There is not much to contend with here. One might only take issue with Jurasz’s overly general language that, for Epiphanes, nature “is opposed to law.” According to Jurasz, Epiphanes attempted, from an “antinomian perspective,” to refute law in general.83 These statements are only valid if we assume that human laws are in view. Epiphanes was, in my view, a supporter of law, if by law we mean natural and divine law. In addition, Jurasz may go too far in saying that Epiphanes proposed “the establishment of a community of goods and women.”84 The surviving excerpts from On Justice do not indicate that Epiphanes made any concrete proposals. Instead, they show that Epiphanes, still very much on the level of theory, argued that private property was unnatural.

Methodology and roadmap

Such are the main scholarly treatments of Carpocrates to date. They show how far scholars have come in the past 40 years or so. Carpocrates and his heirs are no longer automatically shunted into the global category of “Gnosticism,” and interpreted through a heresiological framework. Elements of heresiological categories and interpretation, however, still have a tendency to linger, especially in brief encyclopedic articles and popular literature online.
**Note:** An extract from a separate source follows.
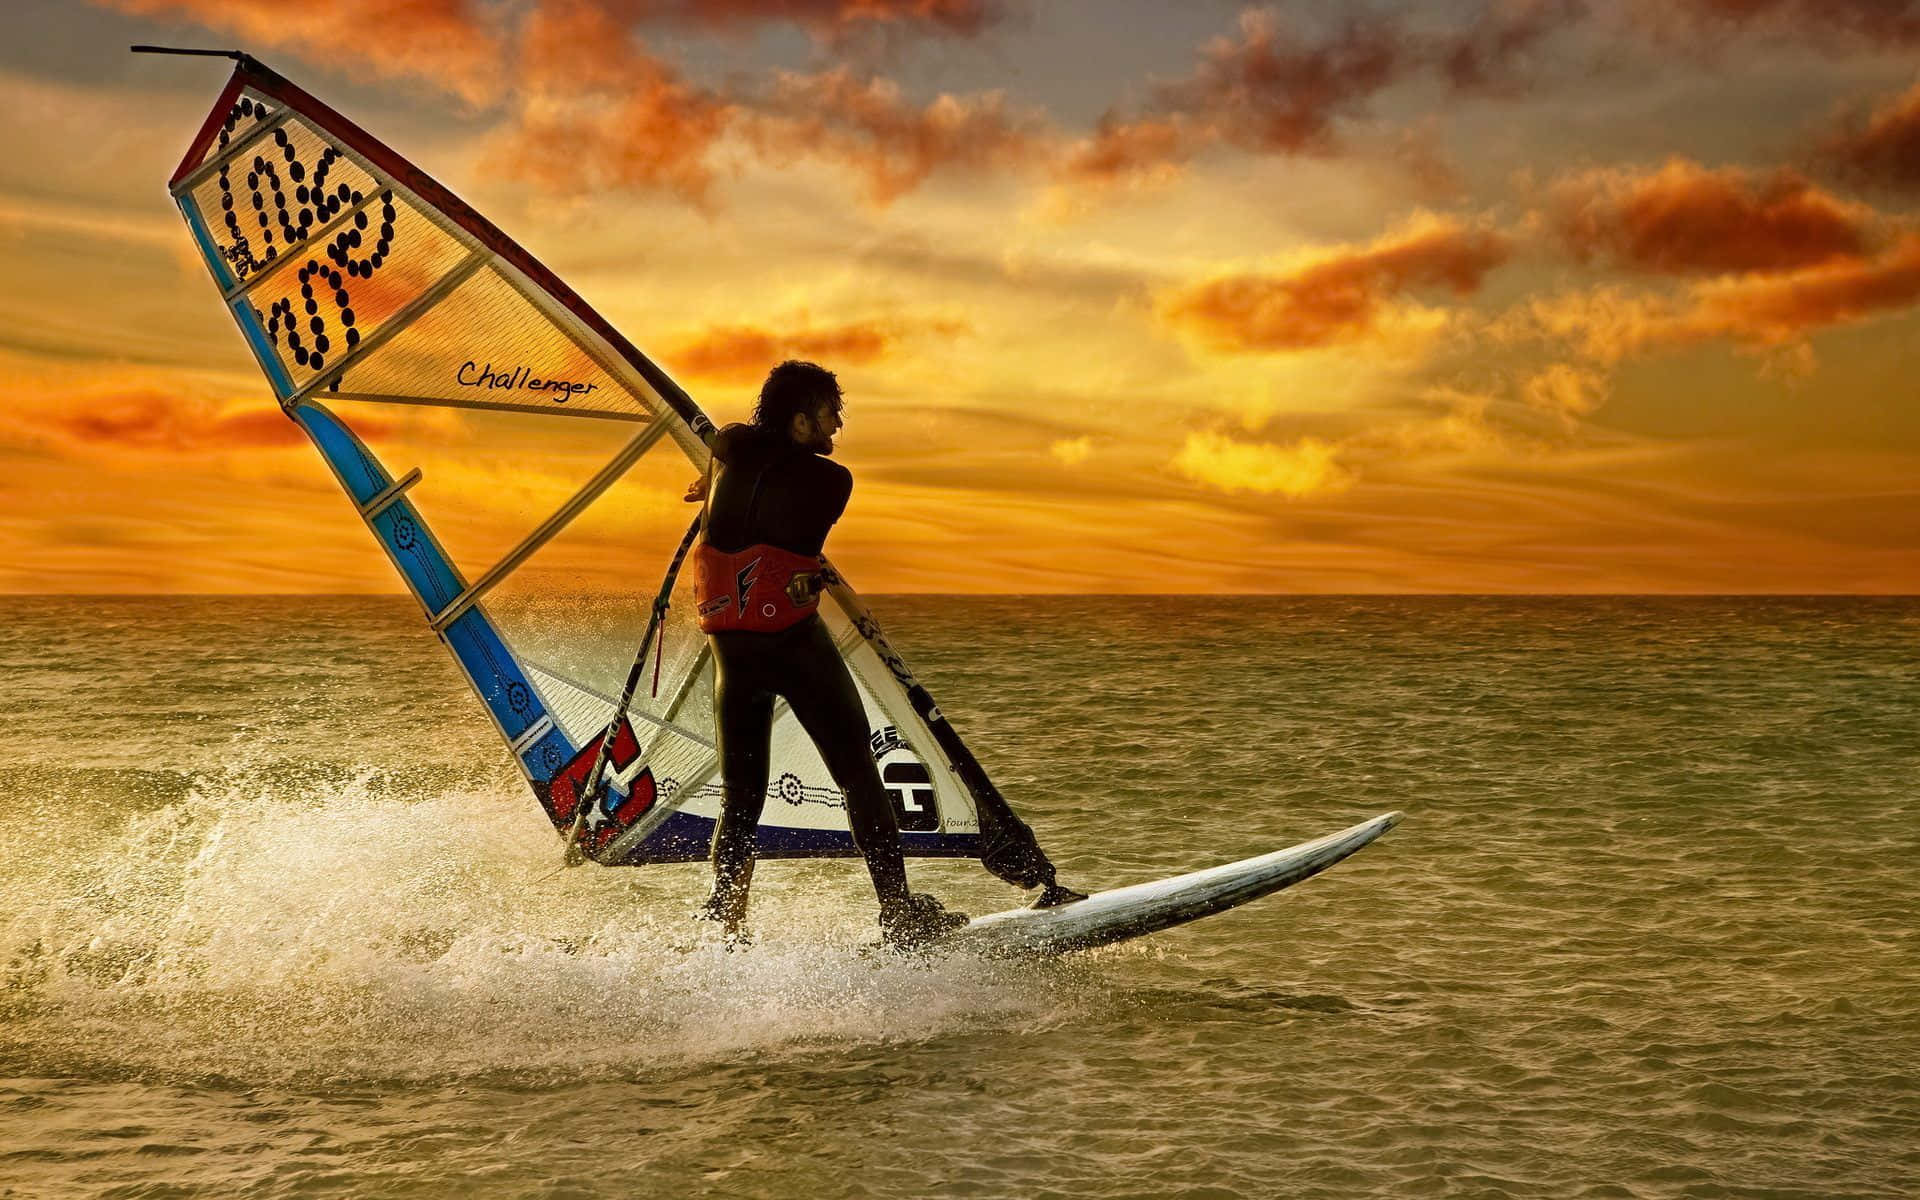 Exciting Beach Water Sports Awaits! Wallpaper

It is time now to explain the approach and structure of the present volume. In some ways, the material treated here is more limited than that outlined by Smith and Whitley. Both of these scholars have provided an important service by collecting the evidence for Carpocratians from the second to the twelfth century CE. Smith mainly provided the sources in Latin and Greek (from transcribed selections of now dated scholarly editions). For his part, Whitley offers English translations of these same texts, though not all of his translations are reliable.85 Their labors of collecting, listing, and translating the sources will not be replicated here. My goal is more modest: to understand Carpocratians in the second century CE, which is the only century, it seems, in which they thrived.

Whitley claims that his reconstruction of the Carpocratians engages “every single claim made about Carpocrates, Epiphanes and the Carpocratians between the second and the twelfth centuries.”86 I do not make this claim, largely because virtually all the sources after Clement of Alexandria, and certainly after Epiphanius in the late fourth century CE, are derivative in nature. This means that, even if later sources seem to add new information, they had no other sources beyond what we possess. The “new” information of later writers consisted of their own inferences, most of which are polemical and insecure. In this situation, an appeal to the criterion of multiple attestation is useless. It does not matter how many writers attest a certain datum if almost all these writers depend on a single source (usually Irenaeus or, after the fourth century CE, Epiphanius).

The only three genuinely independent, early, and extensive sources for understanding Carpocratian Christianity are Celsus (via Origen), Irenaeus, and Clement of Alexandria. Clement’s witness, moreover, should be prioritized because he is the only source that provides a direct quote—some 520 words—from a Carpocratian who also happened to be Carpocrates’s son. It is therefore necessary to begin with and to prioritize the testimony of Epiphanes.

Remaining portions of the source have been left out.